**Aim of the exercise:**
Each entry has to be given again in its exact wording, and no picture may appear in the result.

**Extracted information:**
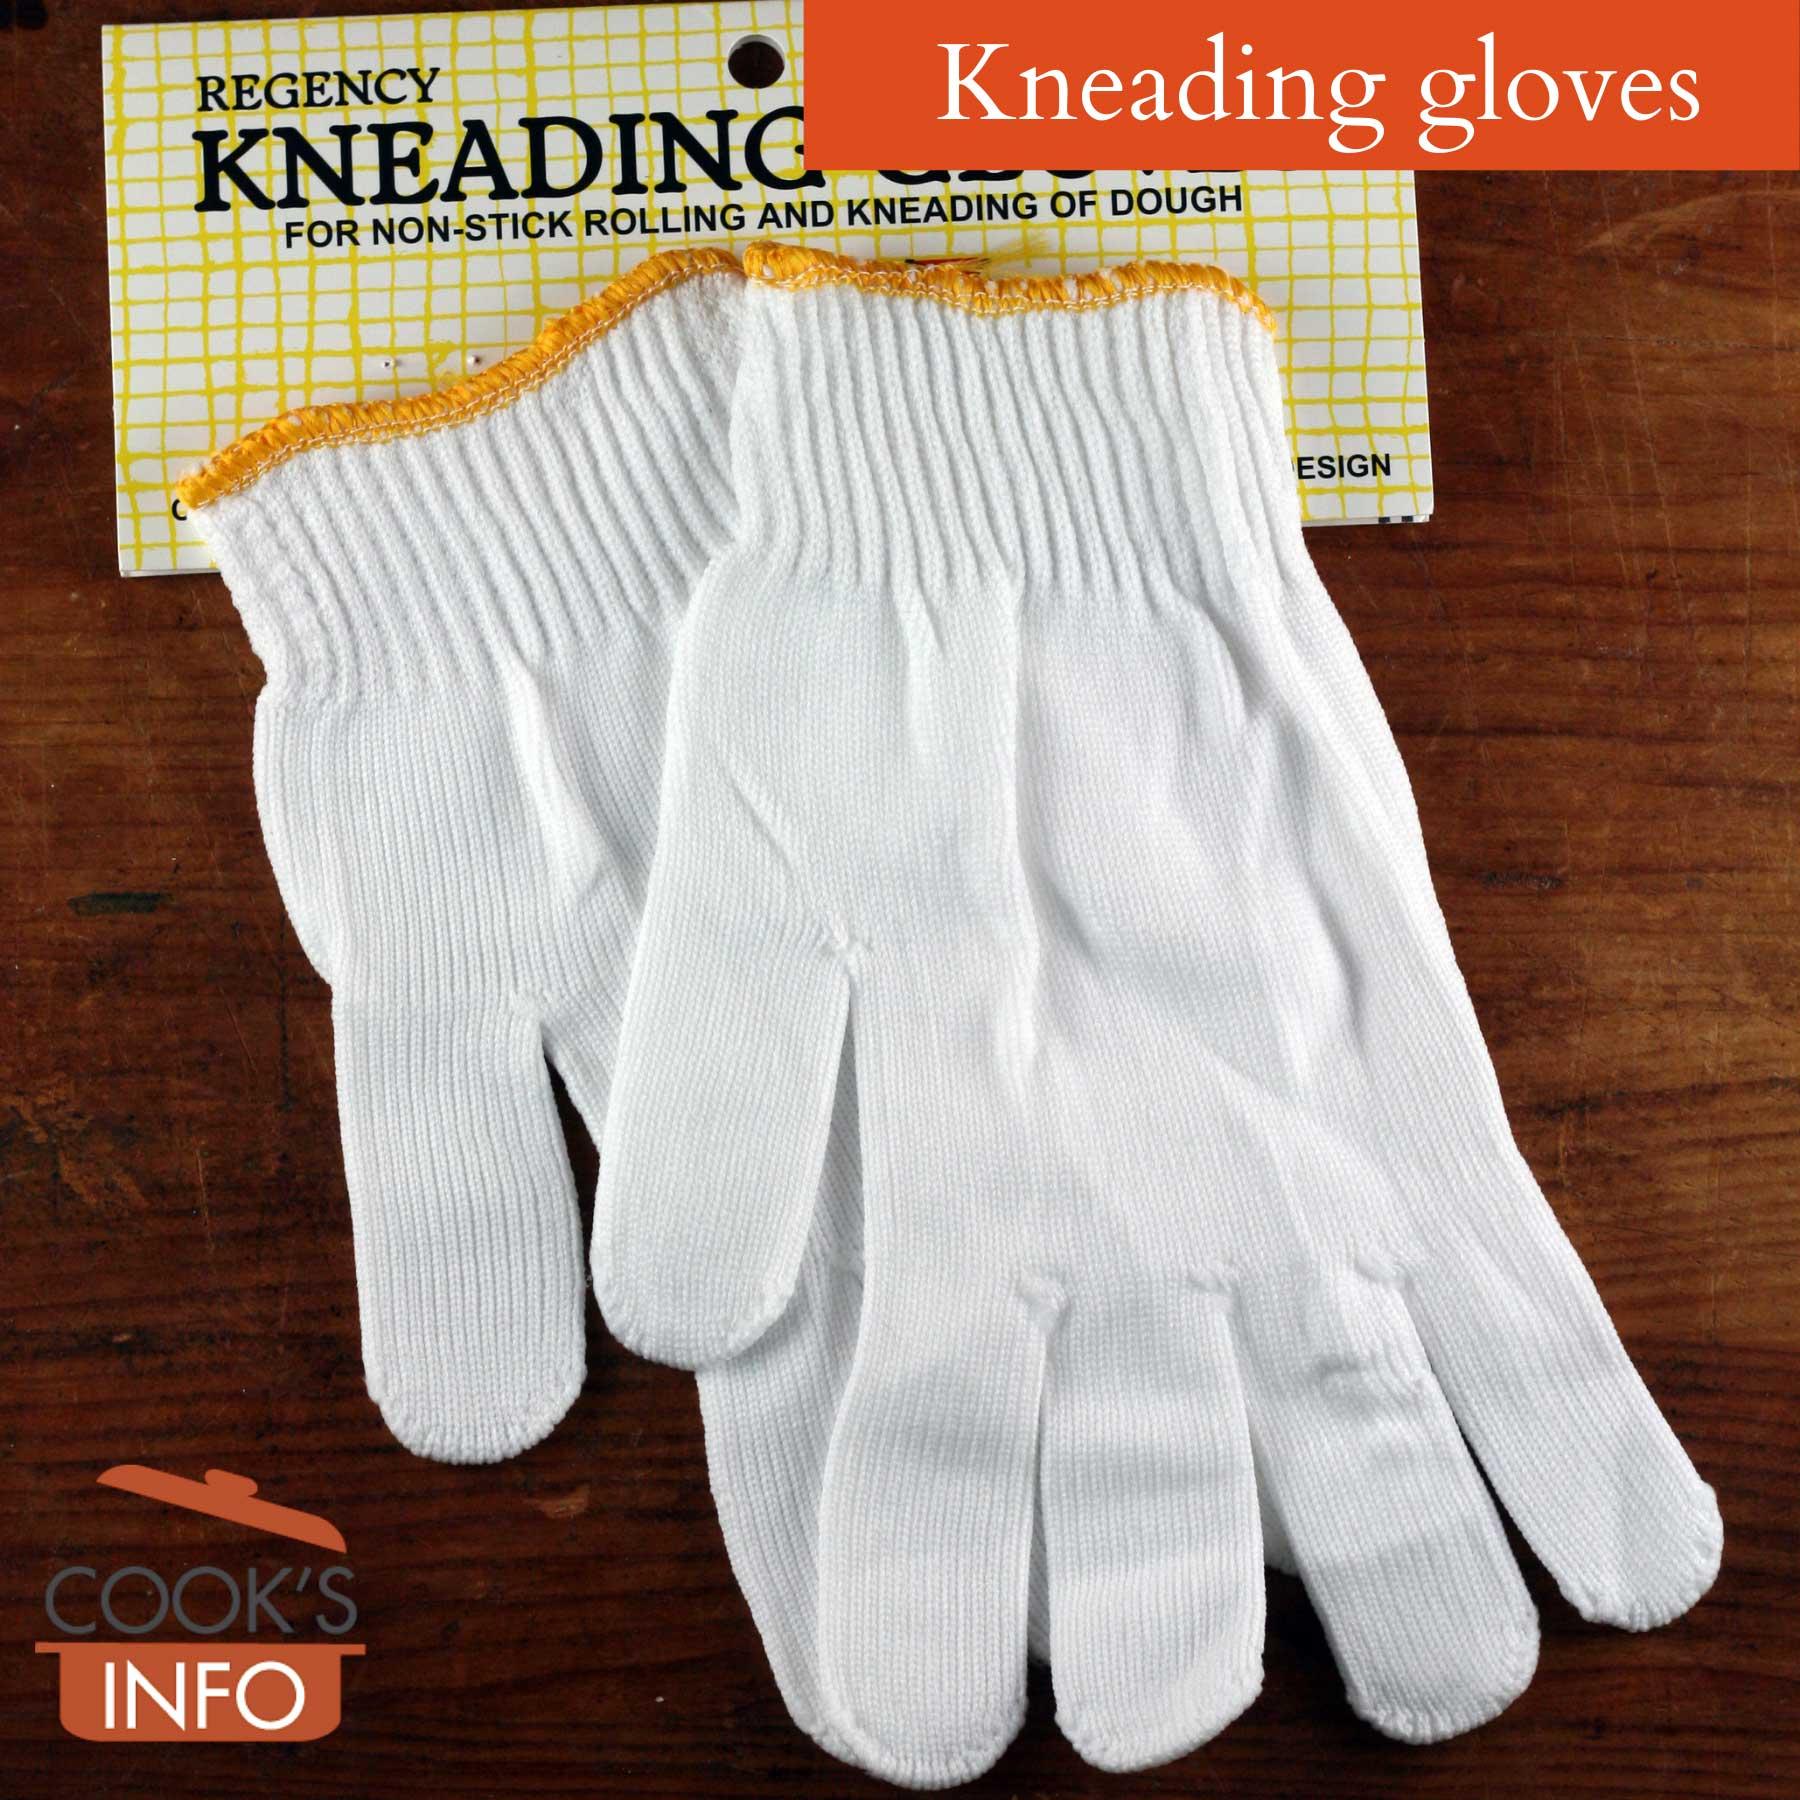 Kneading gloves
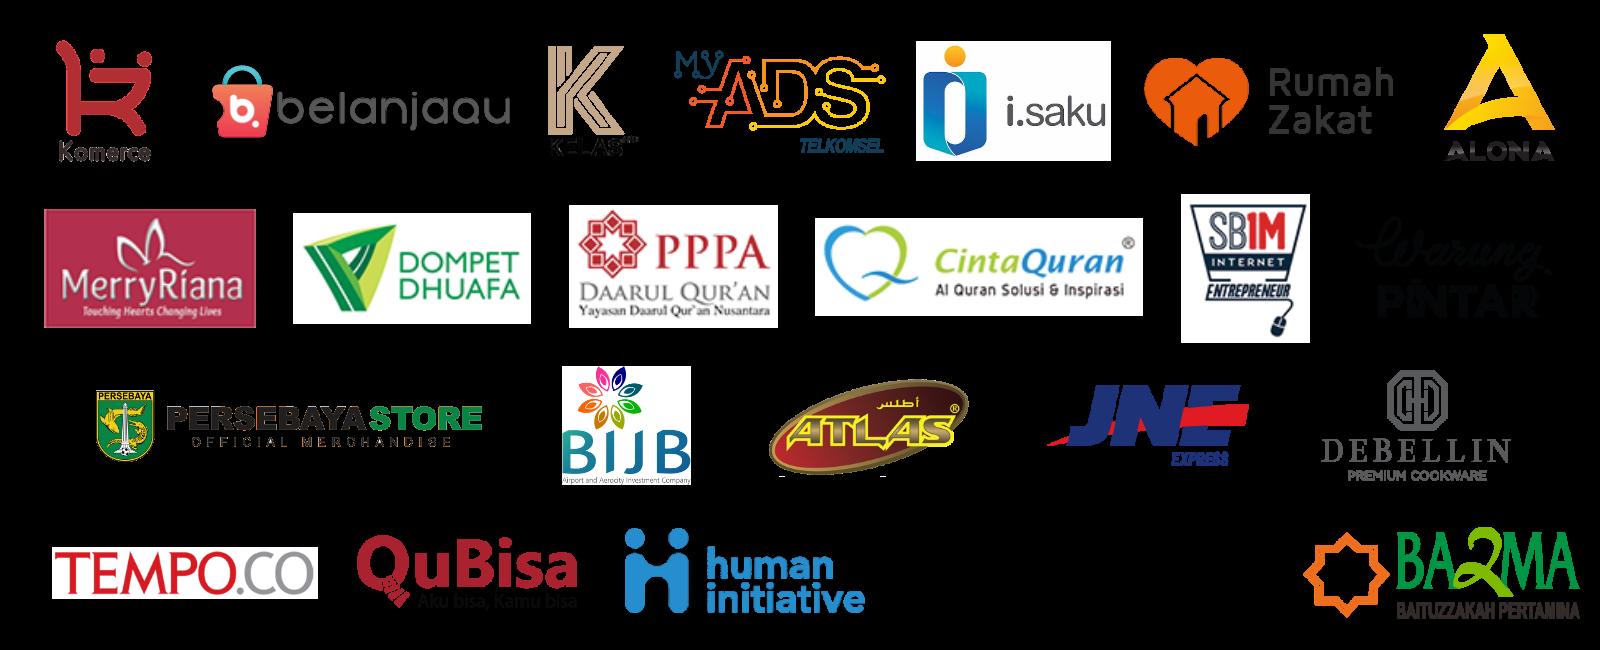 Homepage - Layanan Email Marketing, Autoresponder, dan Marketing Automation Terbaik Indonesia - KIRIM.EMAIL - 9
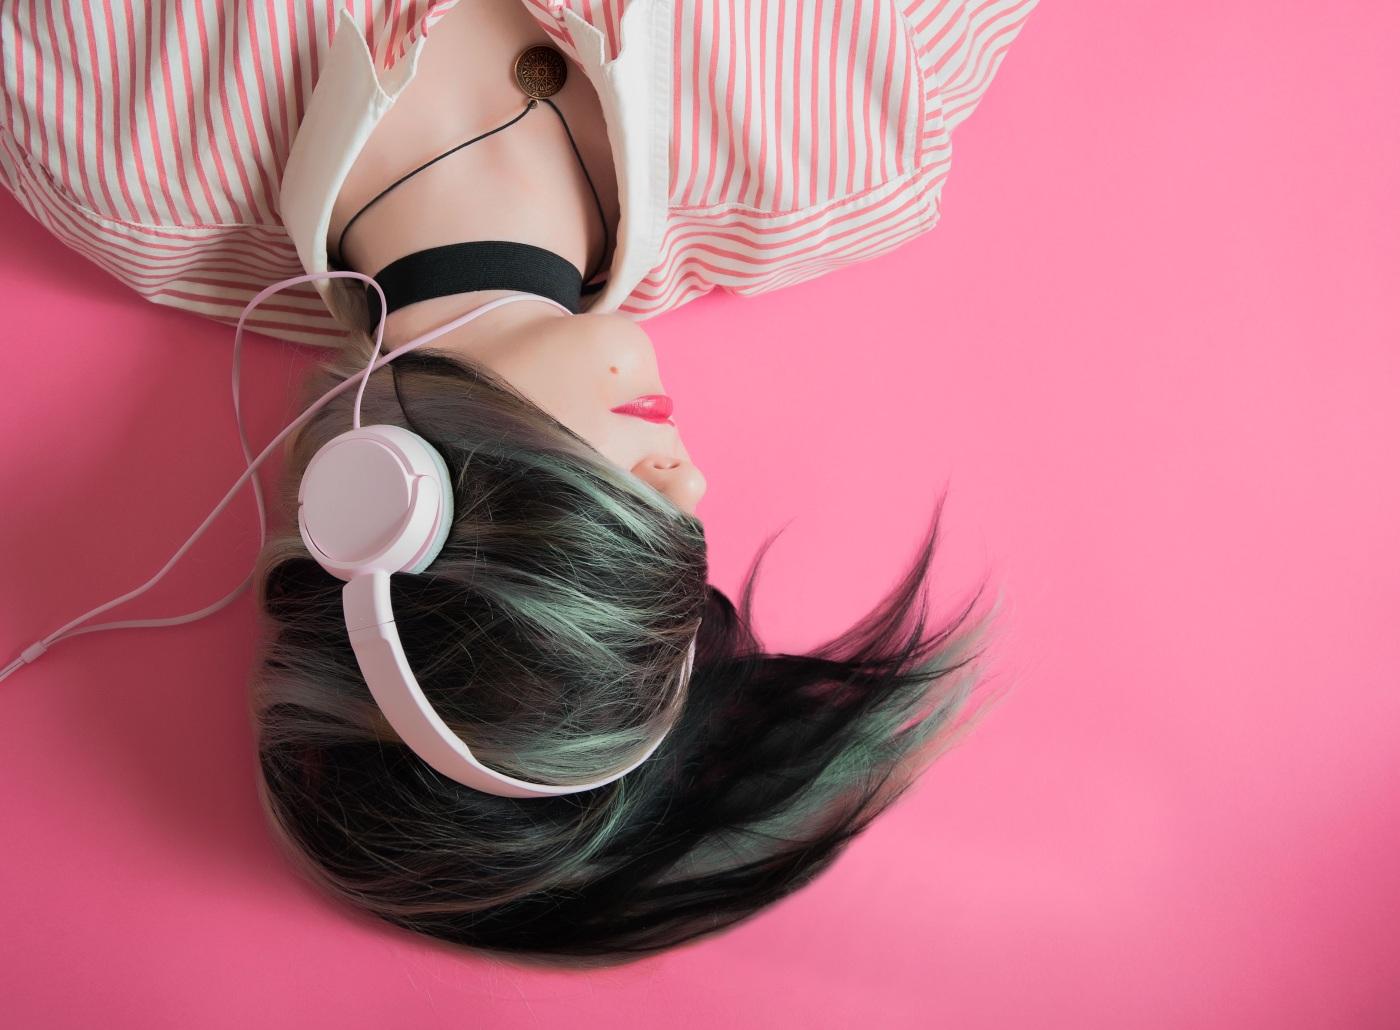 Mendengarkan lagu berbahasa Inggris tanpa teks.jpg
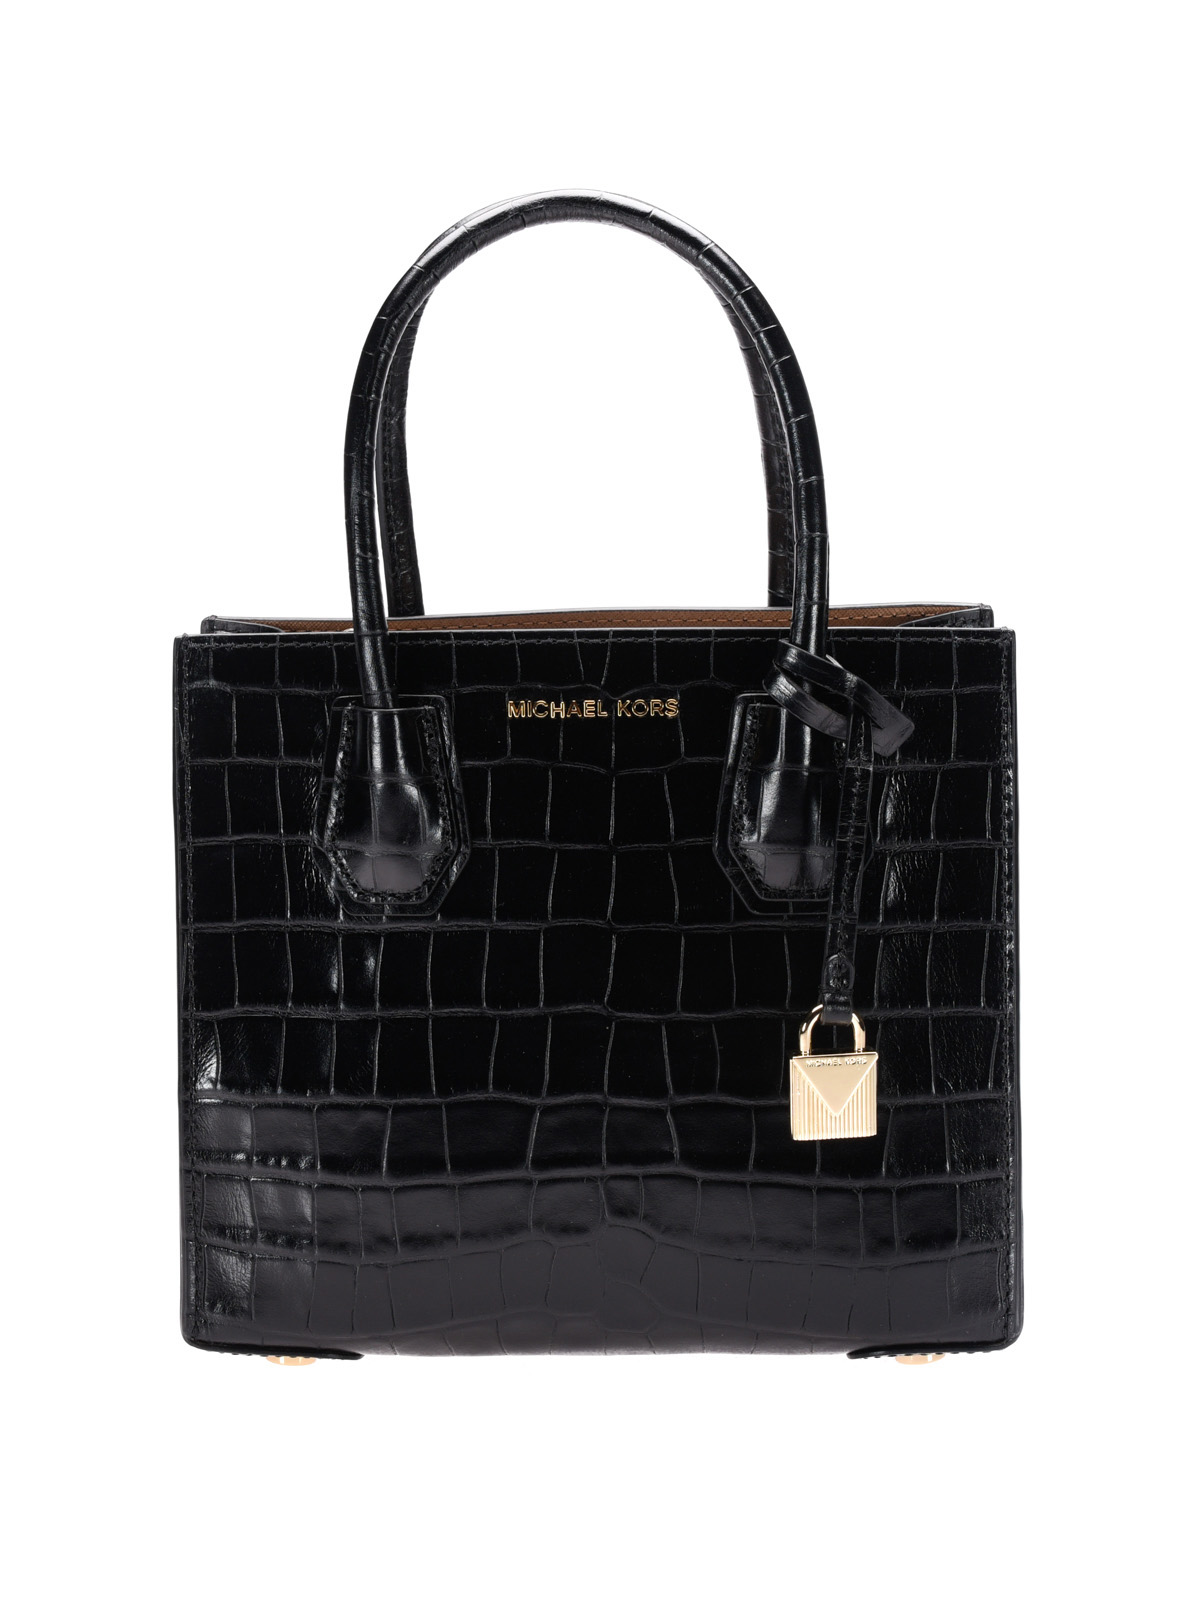 Michael Kors - Mercer croco print leather bag - totes bags ...
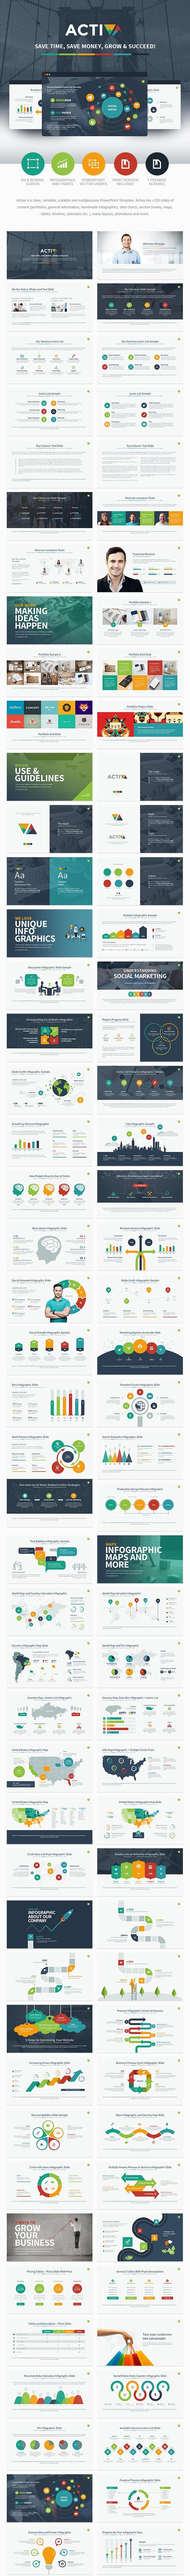 Activa Powerpoint Presentation Template - Creative PowerPoint Templates

**Response to this task:**
 Kneading gloves
 Homepage - Layanan Email Marketing, Autoresponder, dan Marketing Automation Terbaik Indonesia - KIRIM.EMAIL - 9
 Mendengarkan lagu berbahasa Inggris tanpa teks.jpg
 Michael Kors - Mercer croco print leather bag - totes bags ...
 Activa Powerpoint Presentation Template - Creative PowerPoint Templates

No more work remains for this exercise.